The women who went to the tomb that early morning, did not expect to return rejoicing. They went to finish the job – to do the tremendously sad work of finishing the anointing of the body of Jesus that they could not finish because the Sabbath Day. And there they found that God had rolled away that HUGE STONE called death. And the angel appears to them with amazing words: He has been raised; he is not here! Half fearful, they leave the tomb, but the further they run back to the apostles, the more the message builds up in them. And I imagine them bursting into a room of somber disciples with laughter spilling out, because they could no longer contain their joy. Easter is the ultimate joke that God played upon Satan and the forces of evil who thought they had won by killing Jesus. But God’s laughter could not and would not be silenced.
My friends, in the resurrection of Jesus, WE TOO have something worth laughing about. It could be argued, that every time we laugh, we join in the laughter of God; the Easter laughter that God put in the heart of the universe. Love is ultimately triumphant. Life is stronger than death. Goodness wins. That is what laughter teaches us.
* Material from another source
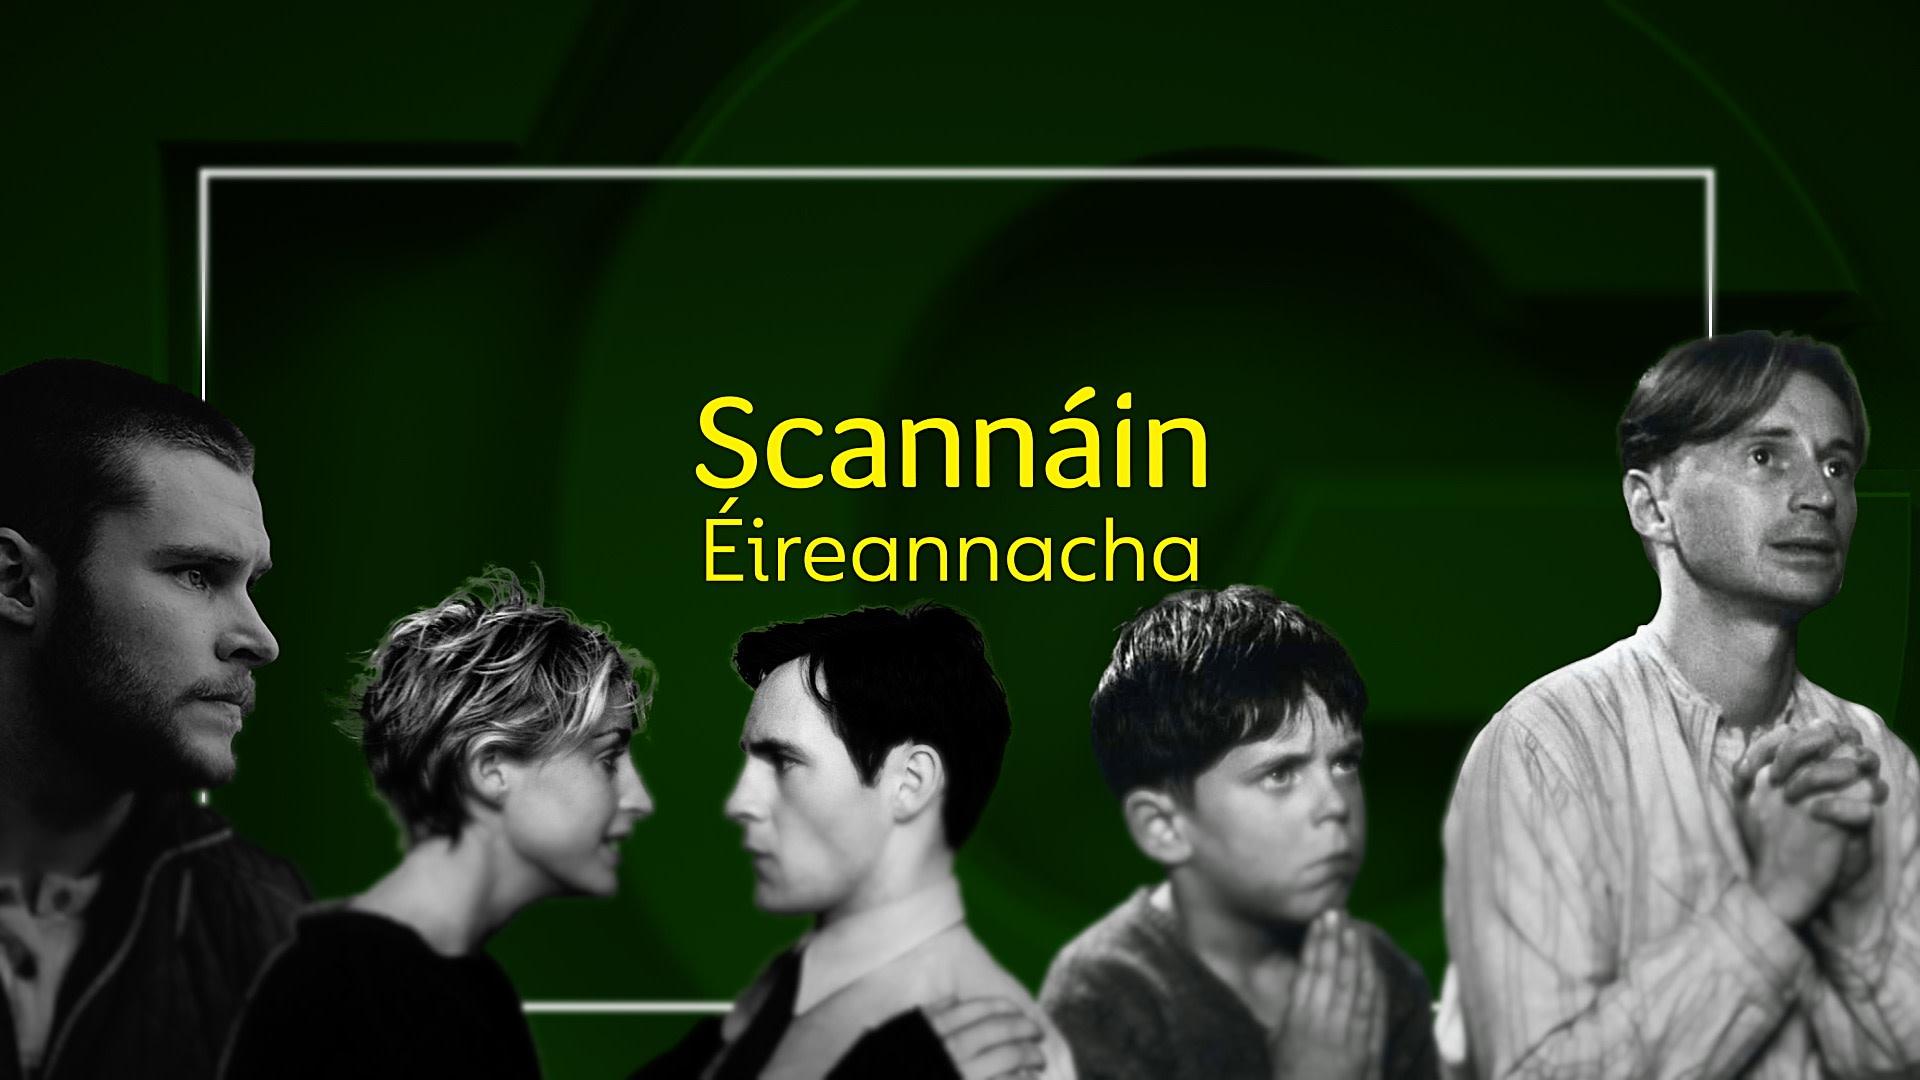 Scannáin Éireannacha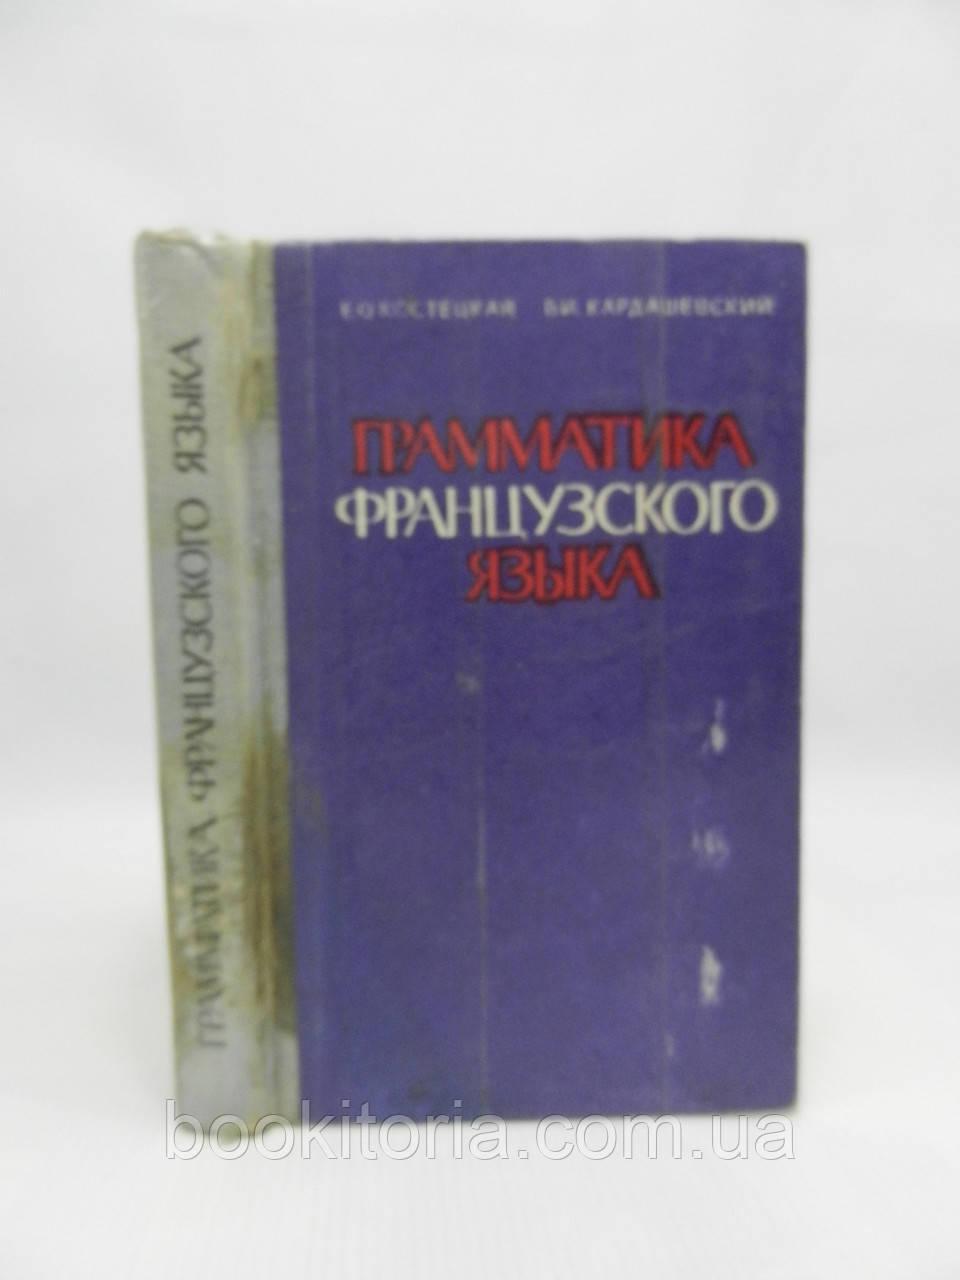 Костецкая Е., Кардашевский В. Практическая грамматика французского языка для неязыковых вузов (б/у).

Easter is all about what one of my friends has described as the choice to live a “DEFIANT, INTENTIONAL JOY”. Easter does not pretend that death is not real, that suffering is not real, that all the things that bring sorrow and pain into our lives and world do not exist. The women go to the tomb in that Easter dark because those things are all too real. What they learn from the angels, though, is that death and sorrow and pain are not the final answer. They have been overcome – and the proper response of the believer is to bring the joy of the Living One to all the places in our world that have not heard the good news. That’s defiant, intentional joy. The choice to invite all our suffering and struggling brothers and sisters from their places of death into LIFE!
So, how will you live DEFIANT, INTENTIONAL JOY this season? Will people see resurrection in your face, know it in your smile, understand it in your suffering? In a few minutes, you and I will have the opportunity to make our statement of defiance, our own statement of belief in the resurrection – at the renewal of our Baptismal promises. Let it be the first act in a long chain of defiant, intentional joys!
What is the sound of Easter?
Supposedly this was heard at a convention of funeral directors. One funeral director turned to his buddy during a break and said. “You know, I never told anyone this before, but I always secretly tie together the shoelaces of the dead in the casket. His buddy asked, “Why would you do that?” He said, “Well, if there ever IS a zombie apocalypse, that would be hilarious…”
Now that’s the sound of Easter…
PS – (at the end of Mass – Do you know what today’s headline should read? Jesus ends a grave situation!)